It smells like Christmas everywhere – Holiday season is almost there.
To ensure that all your applications in the Flying Circus are running smoothly we will monitor all regular support during business hours* and emergency support as usual. We won’t be performing non-critical work in this time and catch up with any backlog early in January 2017.
Here’s an overview of the next days and our support availability. The highlighted days are national or local holidays and are only covered for SLA customers:
- 2016-12-19 (Monday): regular support
- 2016-12-20 (Tuesday): regular support
- 2016-12-21 (Wednesday): regular support
- 2016-12-22 (Thursday): regular support
- 2016-12-23 (Friday): regular support
- 2016-12-24 (Saturday):SLA-covered emergency support only
- 2016-12-25 (Sunday): SLA-covered emergency support only
- 2016-12-26 (Monday): SLA-covered emergency support only
- 2016-12-27 (Tuesday): regular support
- 2016-12-28 (Wednesday): regular support
- 2016-12-29 (Thursday): regular support
- 2016-12-30 (Friday): regular support
- 2016-12-31 (Saturday): SLA-covered emergency support only
- 2017-01-01 (Sunday): SLA-covered emergency support only
- 2017-01-02 (Monday): regular support
- 2017-01-03 (Tuesday): regular support
- 2017-01-04 (Wednesday): regular support
- 2017-01-05 (Thursday): regular support
- 2017-01-06 (Friday): SLA-covered emergency support only
Happy holidays to everybody and see you in 2017!

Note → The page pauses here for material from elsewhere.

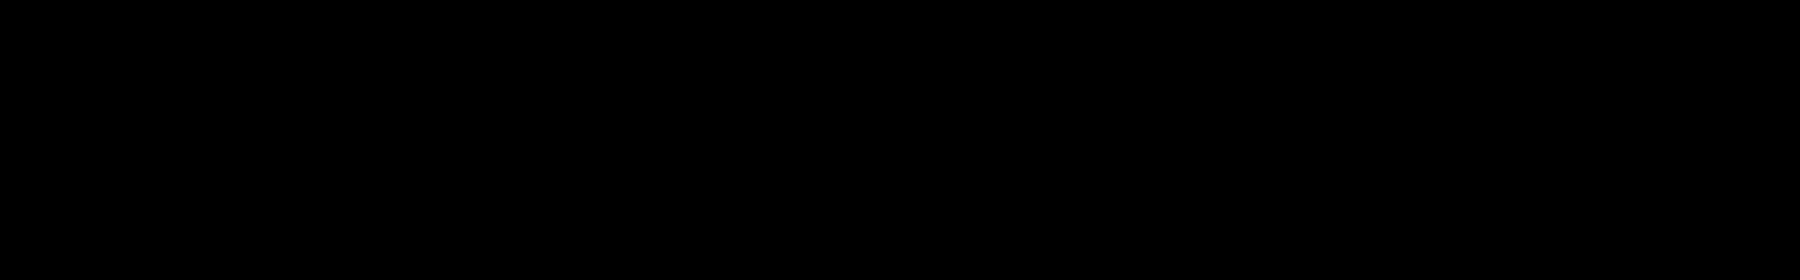 Halogen - Dark Ambient Loops audio waveform

* business hours = Mo-Fr, 8-16 CE(S)T
In 2016 we have seen substantial growth in our infrastructure after we changed our pricing model to make resources more affordable and as we introduced NixOS-based 64-bit virtual machines. Unfortunately under this growth we have failed to adapt our infrastructure in good time and thus, ultimately, failed our customers to provide the reliability and performance that they rightfully expect.

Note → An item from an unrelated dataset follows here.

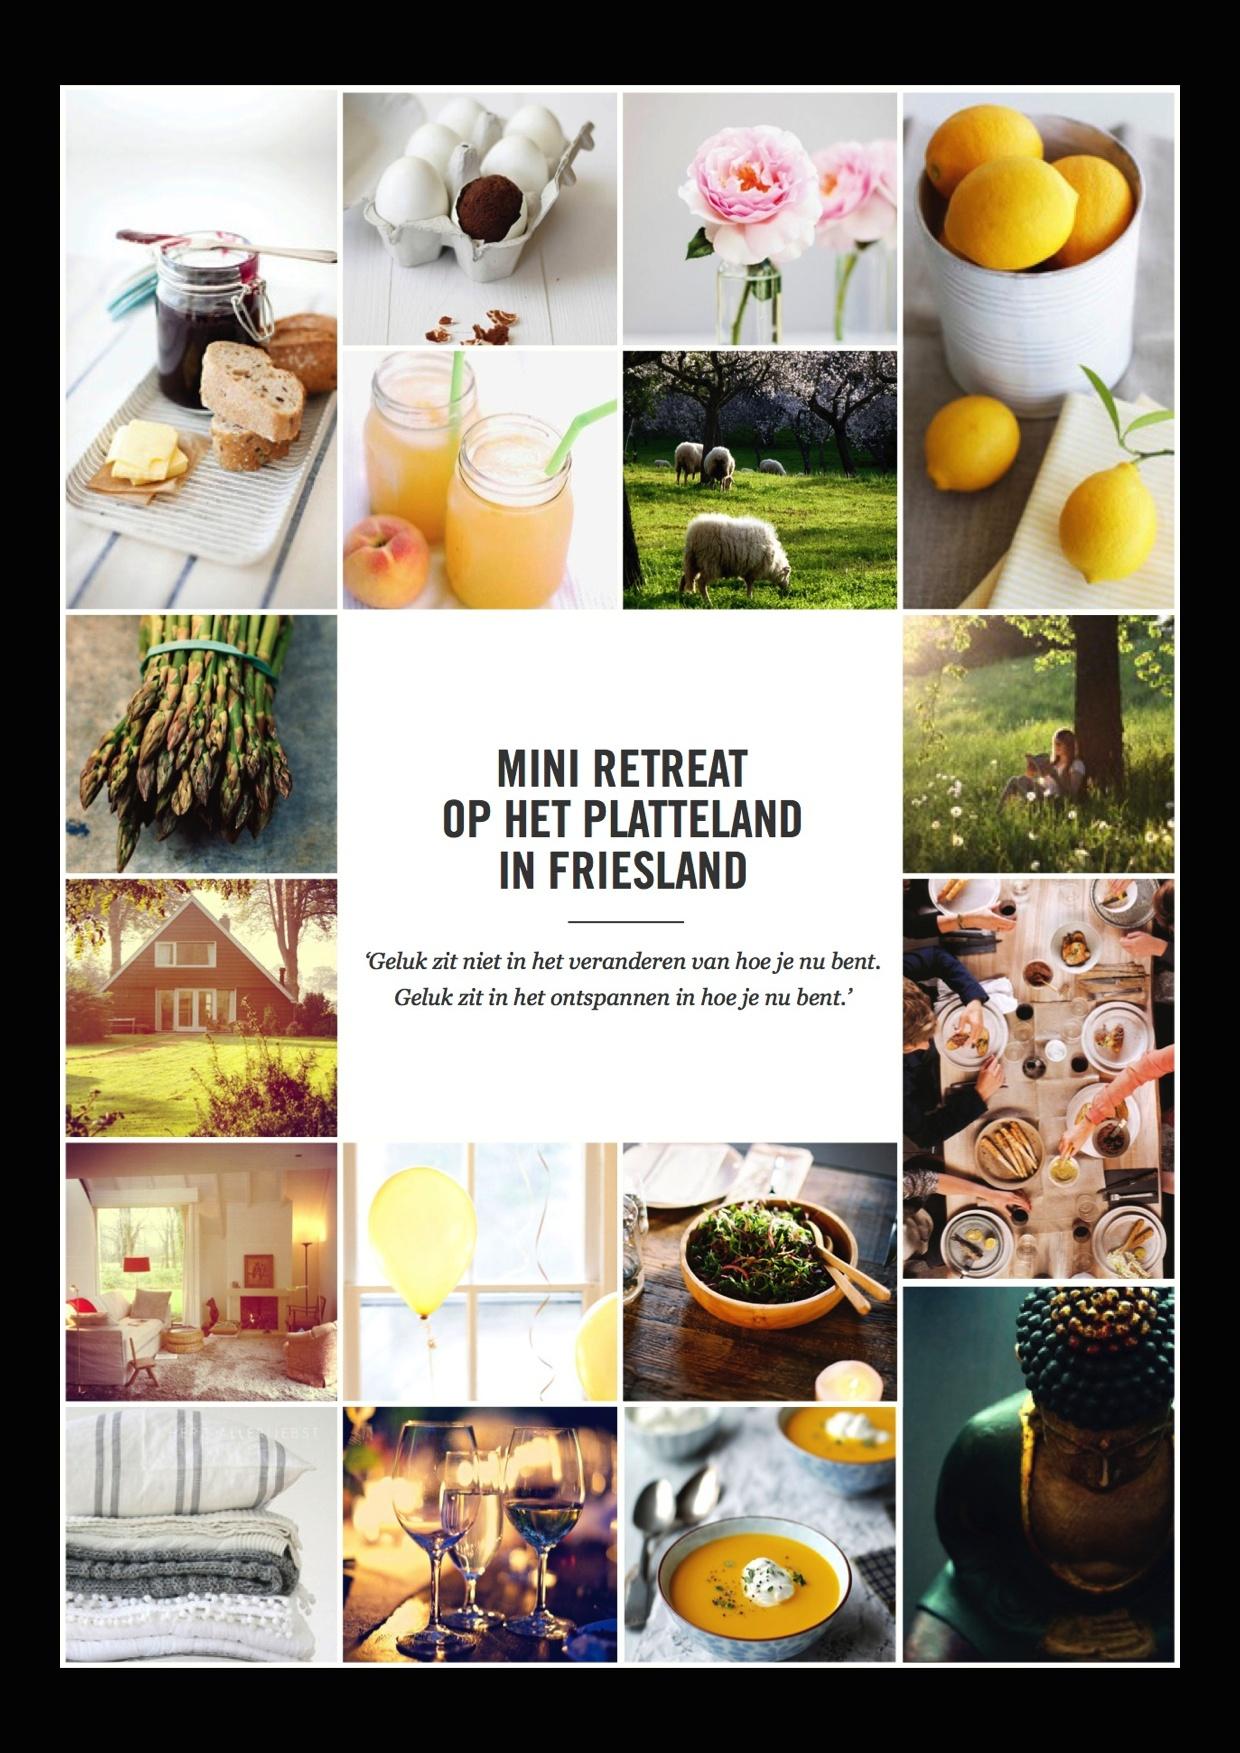 Mini Weekend Retreat In Friesland

We have taken the time and reviewed all the incidents we experienced this year and decided to further invest in two critical areas of our infrastructure: networking and storage.
Earlier this year, after a long period of research, we discovered Brocade’s VDX offering. Combined with their flexible subscription option we replaced our transitional 10 Gigabit infrastructure with Brocade VDX 6740T switches that have been working fantastically since about 2 months now. However, we are currently still running a 1 GE HP ProCurved based infrastructure for some of our VLANs. This situation at the moment has multiple drawbacks:
- we do not yet have full active-active redundancy for all servers and all networks
- we still have a mixed-vendor environment that has its own risks (as we have seen with our outages earlier this year)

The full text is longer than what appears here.